Of the few studies that have examined social cognitive performance throughout later life and inclusive of adults over the age of 75 years, the majority have examined a single social cognitive domain only. Given social cognition is known to be a multidimensional construct, comparing performance between domains within the same sample is essential. This approach provides a more complete understanding of how social cognitive performance broadly is associated with age, rather than when performance is compared between samples.
Limited studies have examined two social cognitive domains.

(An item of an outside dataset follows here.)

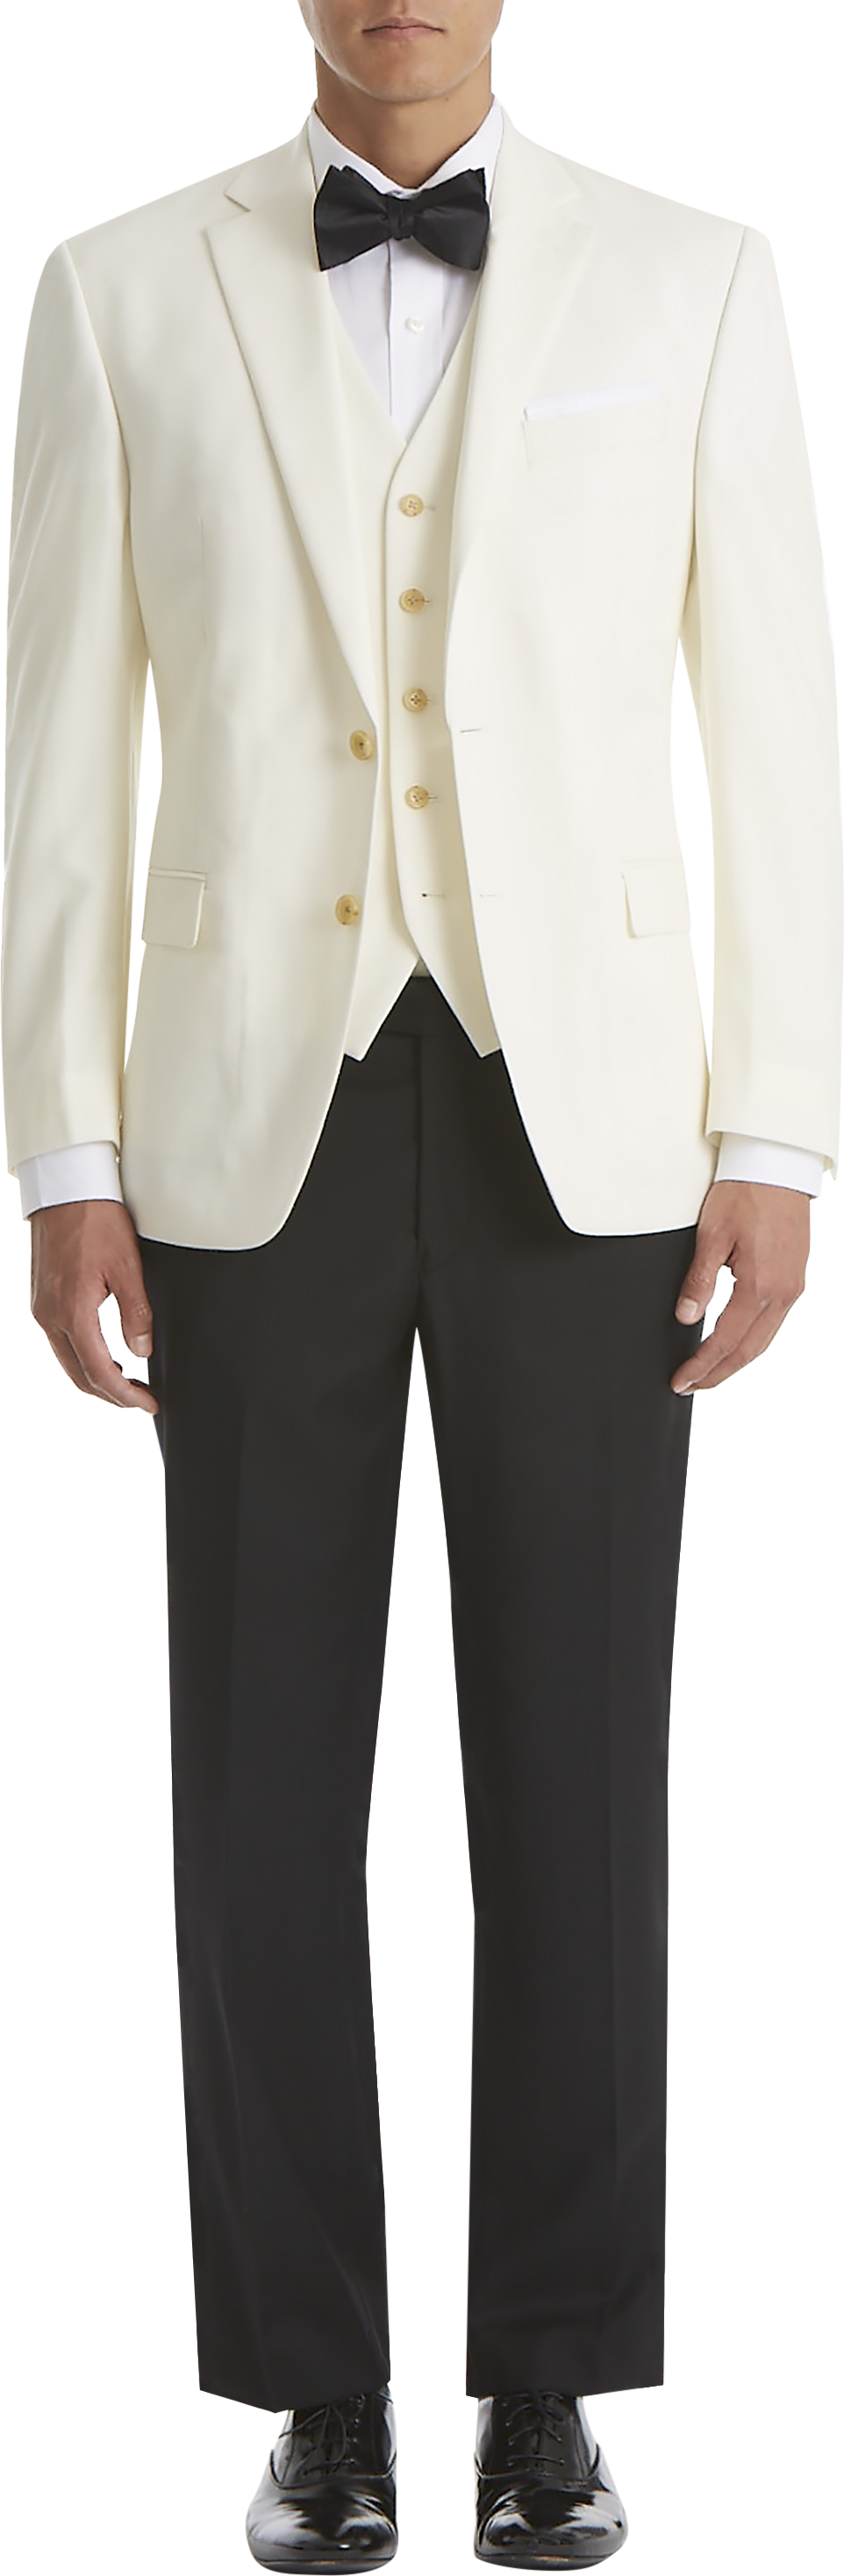 Mens Classic Fit, Suits - Lauren By Ralph Lauren Classic Fit Suit Separates Coat, Cream - Men's Wearhouse
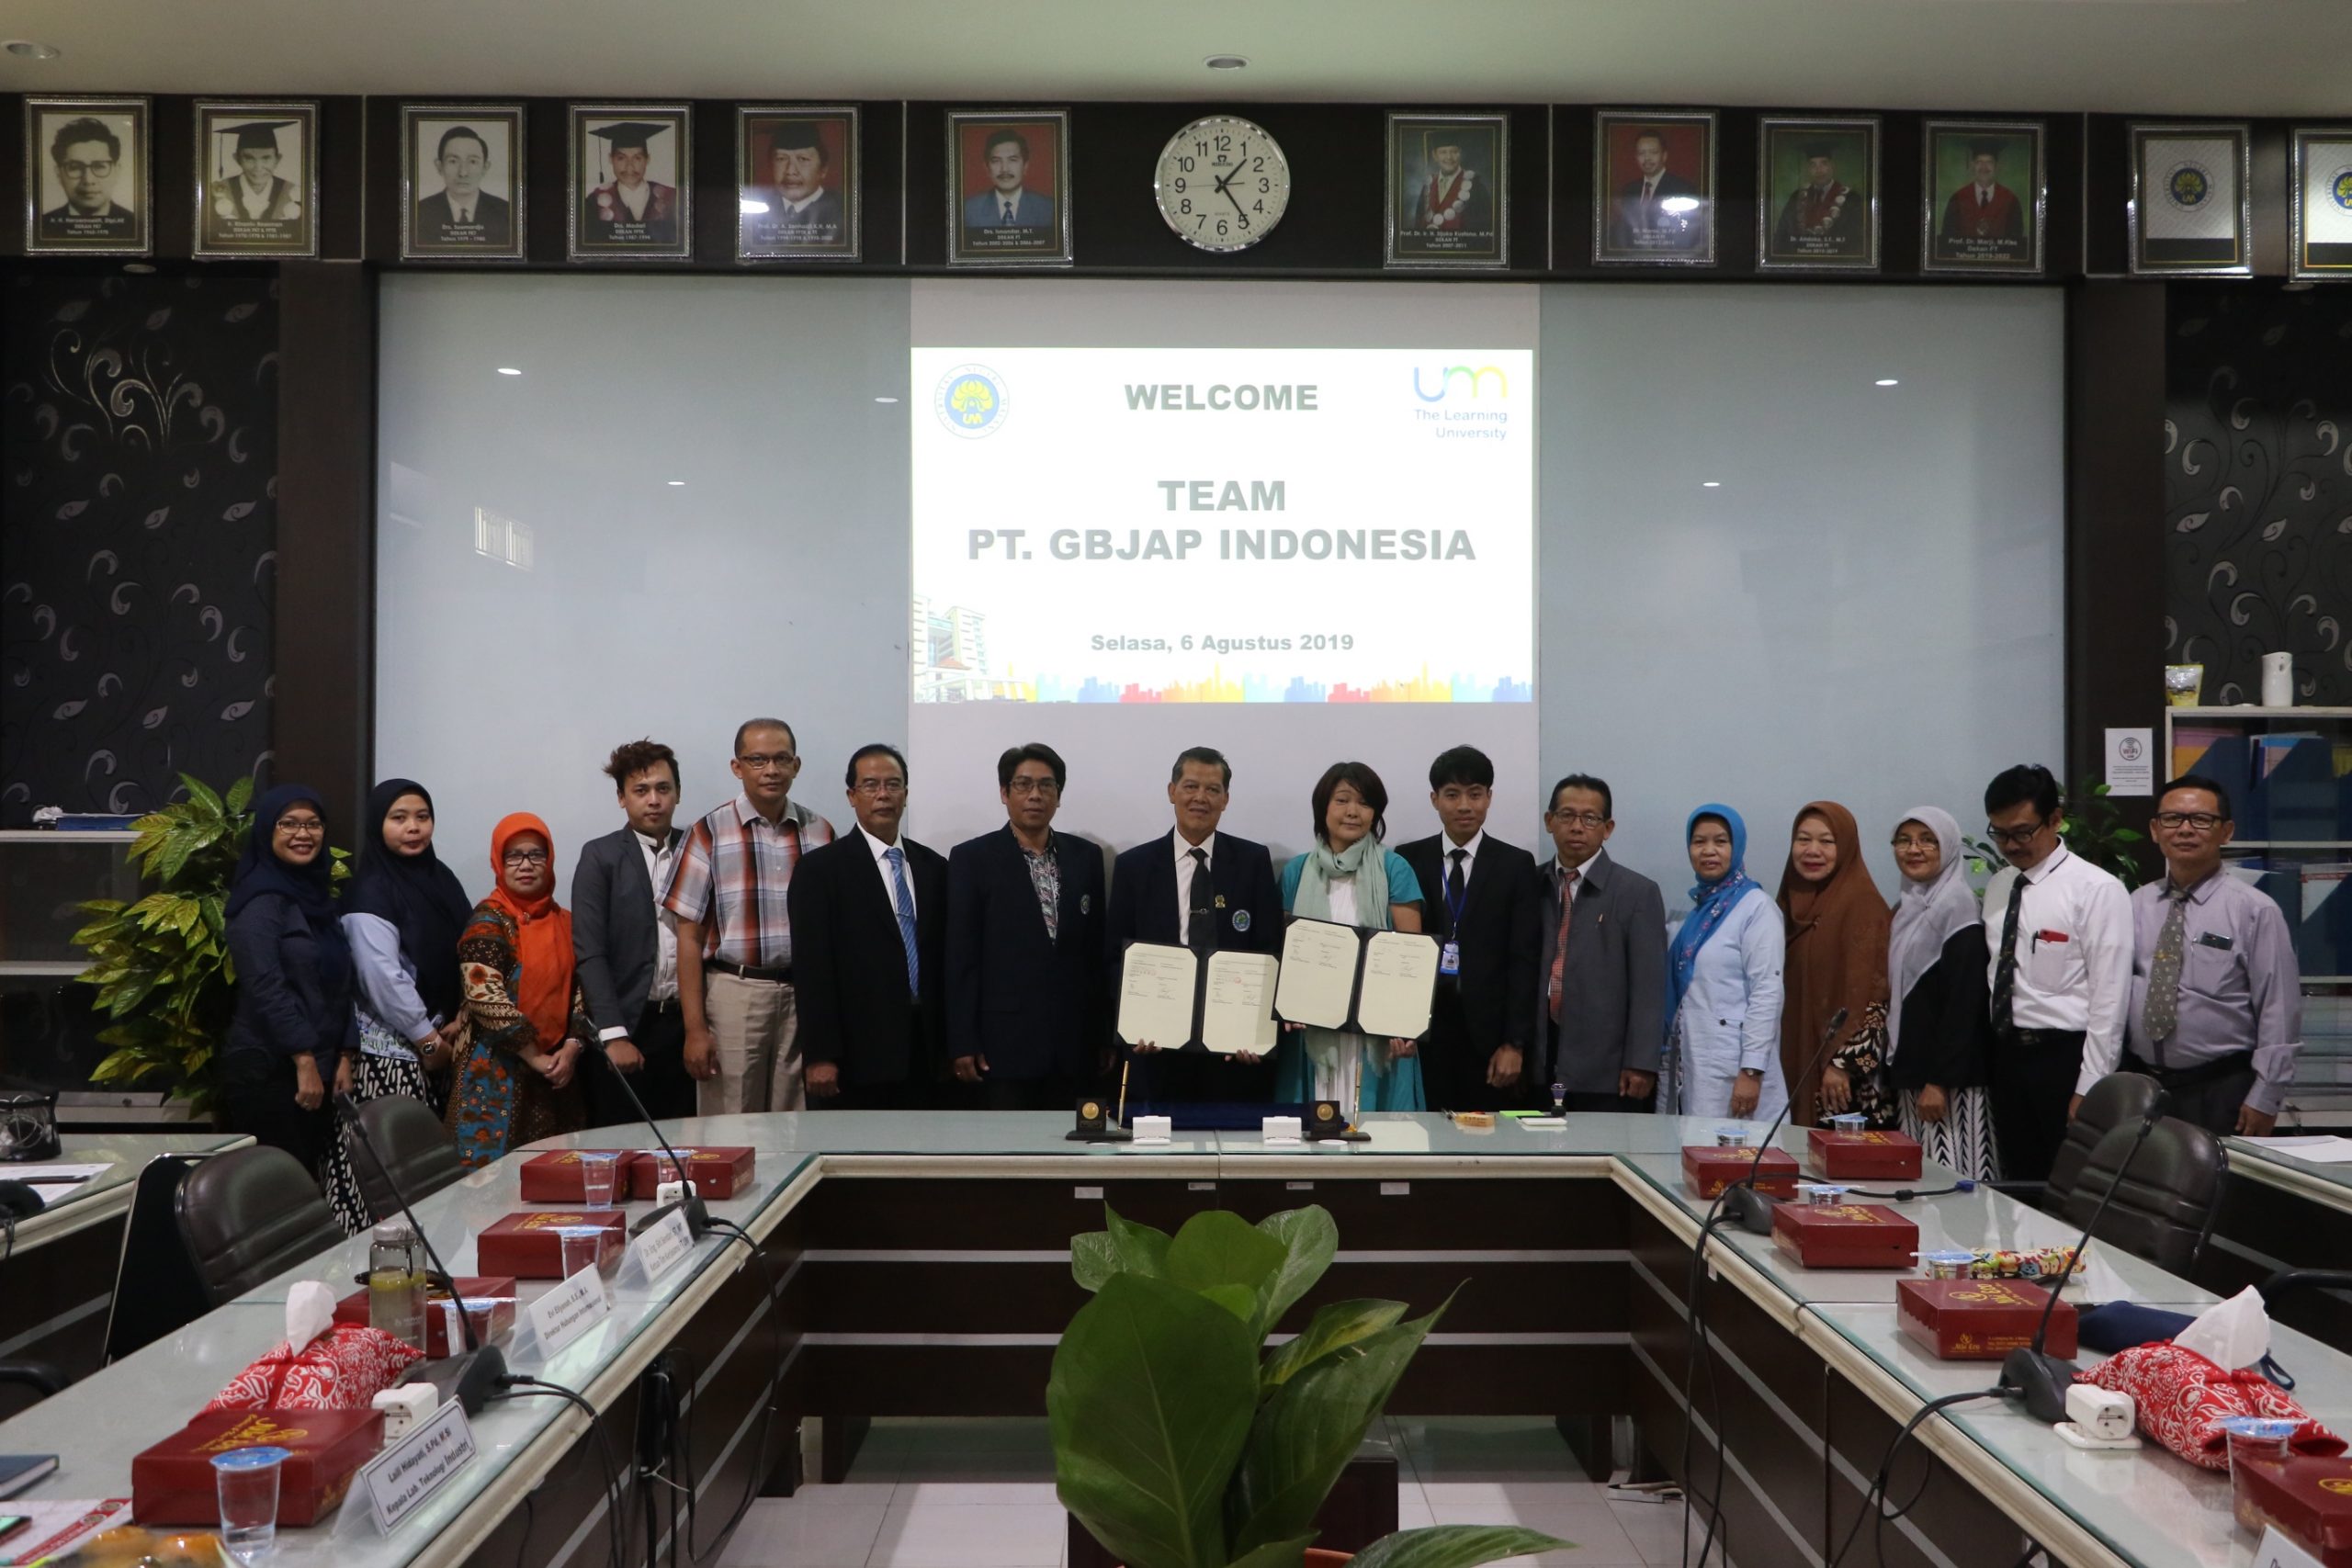 Kunjungan Program Kerjasama dari PT. GBJAP Indonesia Nusantara di Fakultas Teknik UM

Kelly et al. (Reference Kelly, McDonald and Wallis2022) examined total emotion perception and emotional empathy performance and found that older (66–94 years), compared with younger (17–35 years) and middle (36–65 years) adults had reduced emotion perception performance. Regarding emotional empathy, when examined using a questionnaire measure there was no effect of age, but when examined using picture stimuli, middle adults had significantly reduced emotional empathy than younger or older adults who did not differ (Kelly et al., Reference Kelly, McDonald and Wallis2022), although only with a small effect size. A different study by Baksh et al. (Reference Baksh, Abrahams, Auyeung and MacPherson2018) examined cognitive and affective ToM and found that both were negatively associated with age. One study that has examined three out of four social cognitive domains is by McDonald et al. (Reference McDonald, Honan, Allen, El-Helou, Kelly, Kumfor, Piguet and Keage2018) who examined total emotion perception, affective ToM, first-order cognitive ToM, and second-order cognitive ToM also using TASIT-S and reported reduced performance across all domains. However, McDonald et al. (Reference McDonald, Honan, Allen, El-Helou, Kelly, Kumfor, Piguet and Keage2018) did not examine whether there were differential age associations for individual emotions. Given the meta-analysis comparing emotion perception performance of younger versus older adults by Ruffman et al. (Reference Ruffman, Henry, Livingstone and Phillips2008) identified performance varied for individual emotions this is a considerable limitation. Specifically, Ruffman et al. (Reference Ruffman, Henry, Livingstone and Phillips2008) found that age had a moderate, negative association with angry, sad, and fearful emotions, a small, negative association with surprised and happy emotions, and a non-significant association with disgust. Additionally, few studies have examined ToM performance within different types of social exchanges, which is important to consider given that inferring sarcastic but not sincere exchanges seems to be maintained with age (Martin et al., Reference Martin, Ceslis and Robinson2022). Therefore, this is the first known study to examine such a comprehensive examination of social cognition in a single sample of older adults over 75 years.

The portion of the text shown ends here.